As histórias continuam a ser o alicerce da humanidade. Além de lenitivo ou entretenimento, elas servem de refúgio também e muito particularmente em situações de crise. Ao longo dos séculos, a literatura tem registado alguns nomes associados a situações como a que vivenciamos. Cite-se O Decameron de Boccaccio, do século XIV, um conjunto de cem novelas contadas por jovens que se refugiam da peste negra, num castelo próximo de Florença; outro exemplo, mais próximo, é A Peste de Albert Camus, século XX, um relato pormenorizado da história de trabalhadores que descobrem a solidariedade no meio da peste. Deixo para último um autor, praticamente desconhecido, mas genuinamente português e que merece ser citado: Gonçalo Fernandes Trancoso, que escreveu o livro Contos e Histórias de Proveito e Exemplo, depois de ter perdido a família devido ao “mal que Deus nos livre”. Dedicou a obra à rainha D. Catarina e a primeira impressão surgiu em 1575. A que se apresenta é penas uma adaptação das quarenta e uma histórias que constituem o livro. A história fala para quem estiver recetivo. E por isso encerra muitas vezes uma moral.

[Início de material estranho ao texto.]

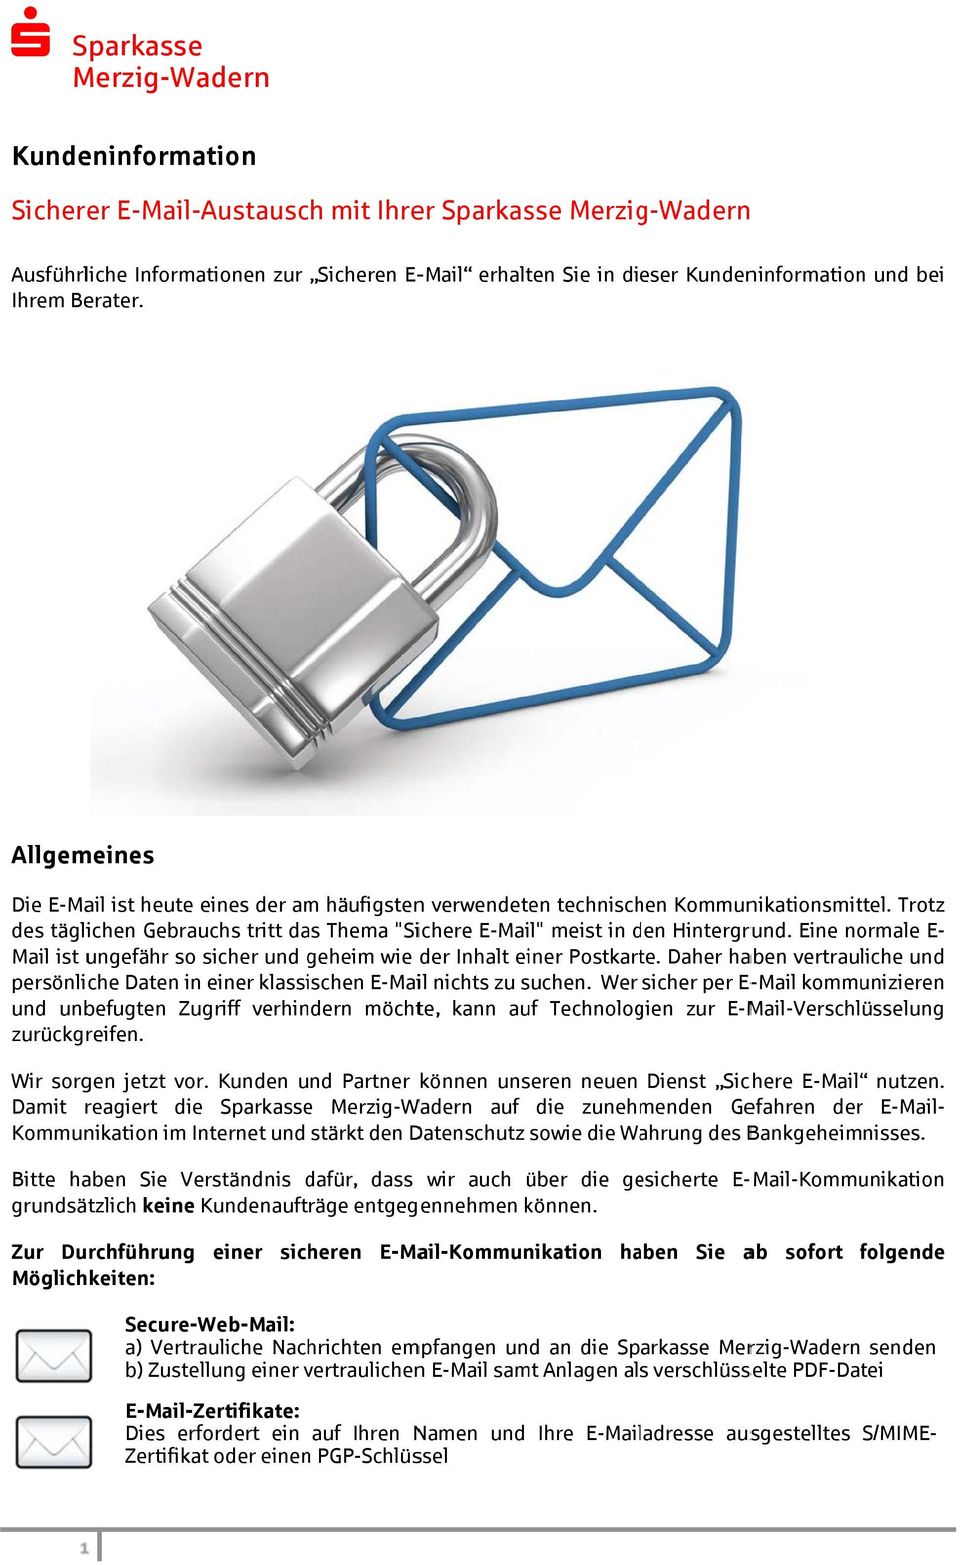 vertraulichen n E-Mail samt Anlagen als verschlüsselte PDF-Datei E-Mail-Zertifikate: Dies erfordert ein auf Ihren Namen und Zertifikat oder einenn PGP-Schlüssel Allgemeines Die E-Mail ist heute eines

Era uma vez um virtuoso ermitão que morava num ermo; alimentava-se de raízes, frutos, bebia a água das fontes; sentia-se livre. Um dia veio ter com ele um salteador de caminhos, e disse-lhe:
– Vós rogais a Deus por todos. Rogai-lhe que me tire deste mau ofício que tenho, senão mato-vos.

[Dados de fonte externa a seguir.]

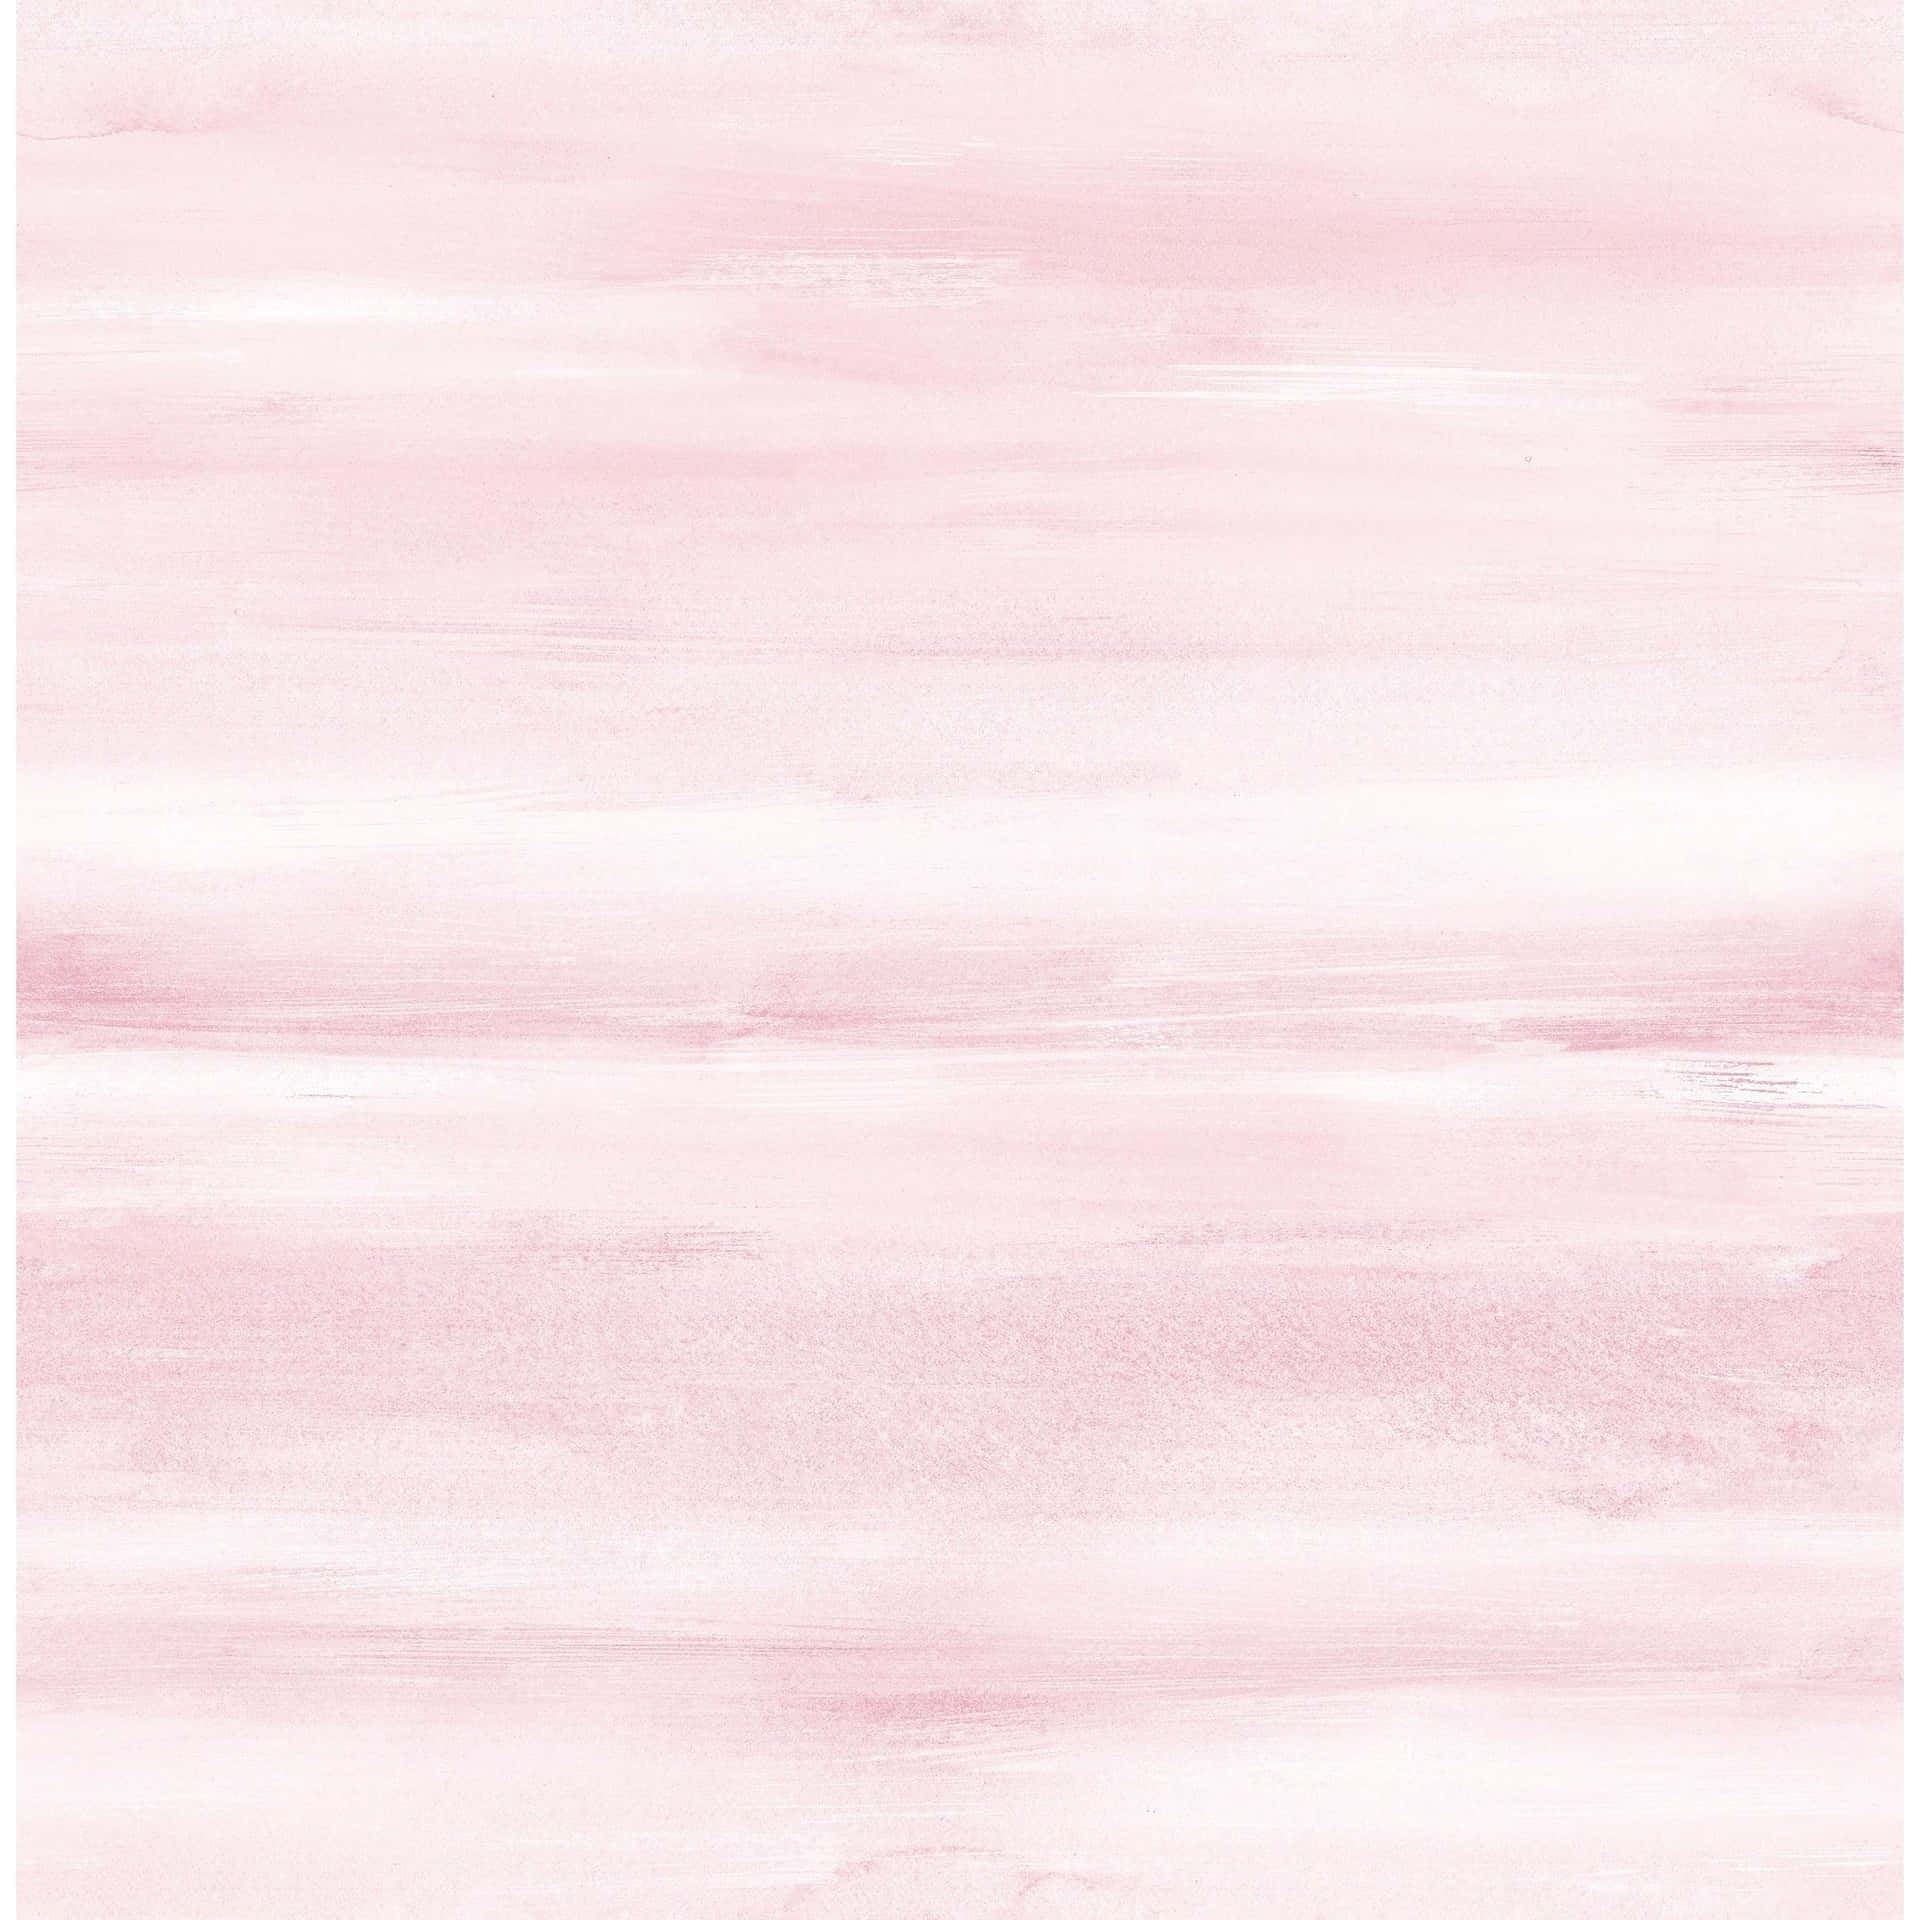 Et blødt lyserødt og livligt akvarelmaleri af et landligt landskab. Wallpaper

E afastava-se, mas tornava a fazer o mesmo que dantes. Pouco depois, regressava ao ermitão, dizendo:
– Vós rogais a Deus por todos. Rogai-lhe que me tire deste mau ofício que tenho, senão mato-vos.
Tantas vezes fez isto, que veio uma vez determinado a matar o padre, que lhe respondeu:
– Já que me queres matar, cavemos juntos a minha sepultura, e morto, lançar-me-ás dentro sem muito trabalho.

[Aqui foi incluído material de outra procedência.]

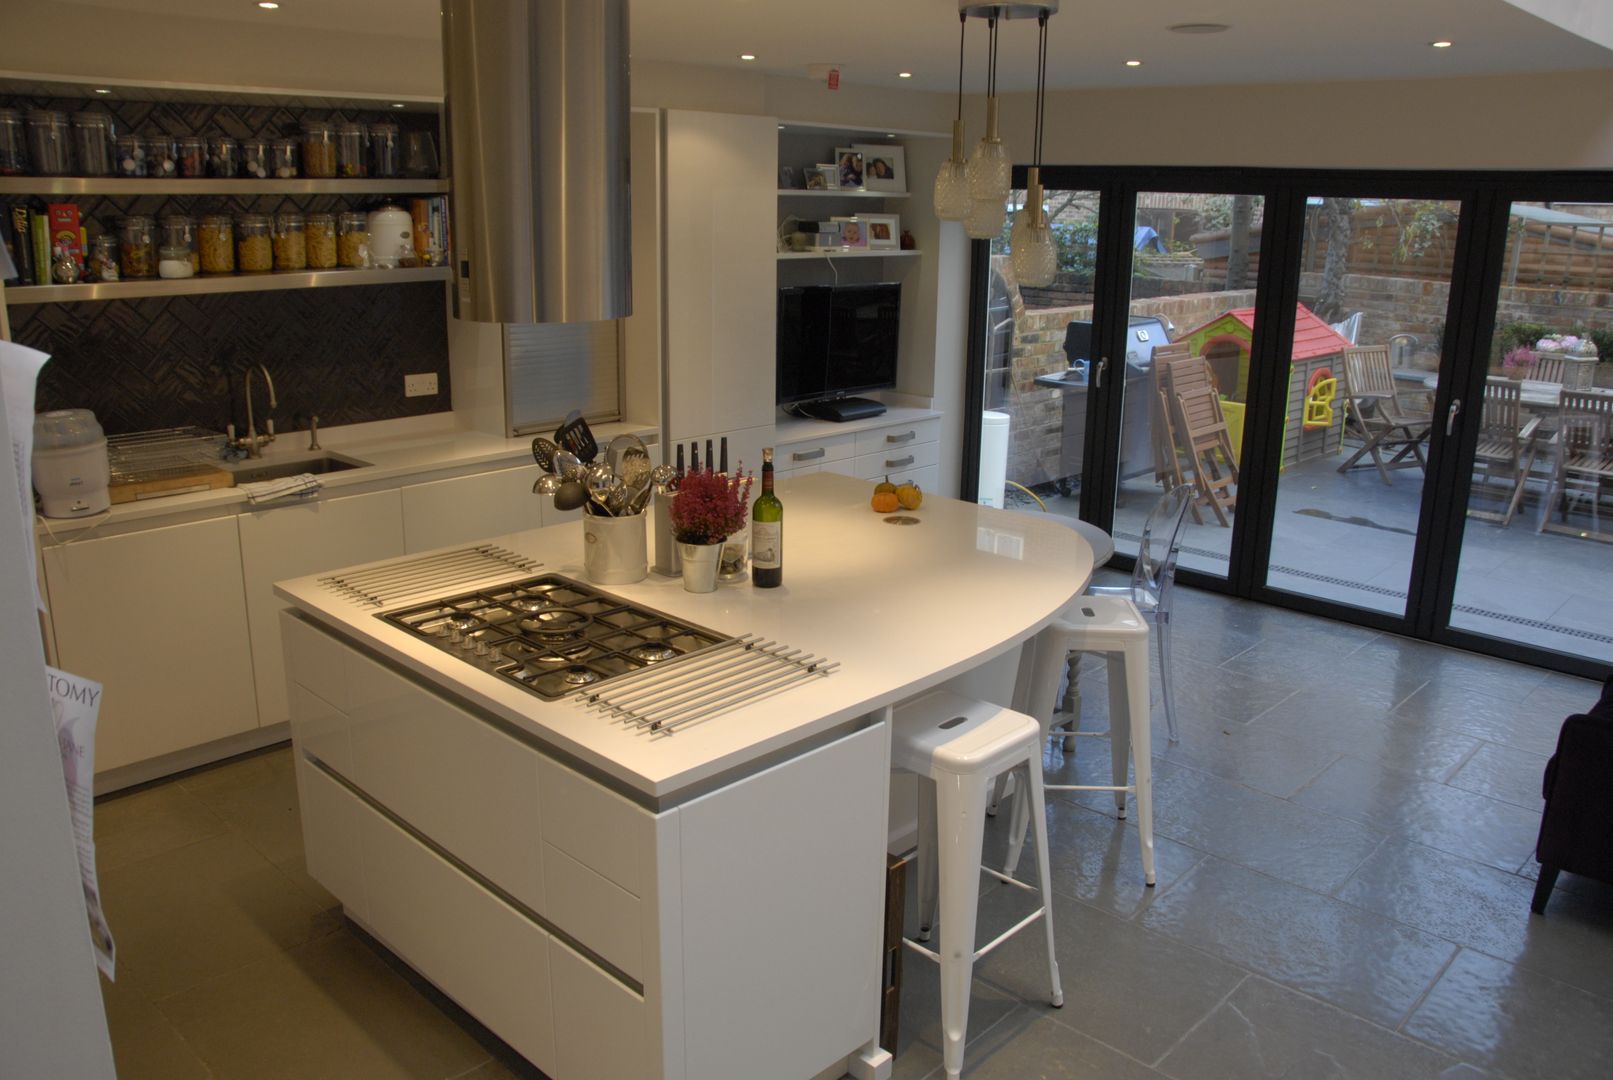 High gloss handleless kitchen Greengage Interiors Cocinas modernas handleless,high gloss

Ele aceitou, e assim foram ambos cavar. Porém, enquanto o salteador cavava o mais que podia para abrir o buraco, o padre ermitão cavava para que se fechasse, e desta maneira o trabalho não avançava. O salteador apercebeu-se do que estava a acontecer:
– Ora, ora, se vós não ajudais, como posso eu abri-la sozinho? Ainda que eu faça a minha parte, vós fazeis da vossa com que não aproveite o que faço.
Então o padre ermitão respondeu:
– Vês aí, irmão, o que eu te digo. De que me vale a mim rogar a Deus por ti, pedindo-Lhe que te tire do pecado e mau ofício que trazes, se tu não te queres tirar e estás muito de propósito perseverando nele?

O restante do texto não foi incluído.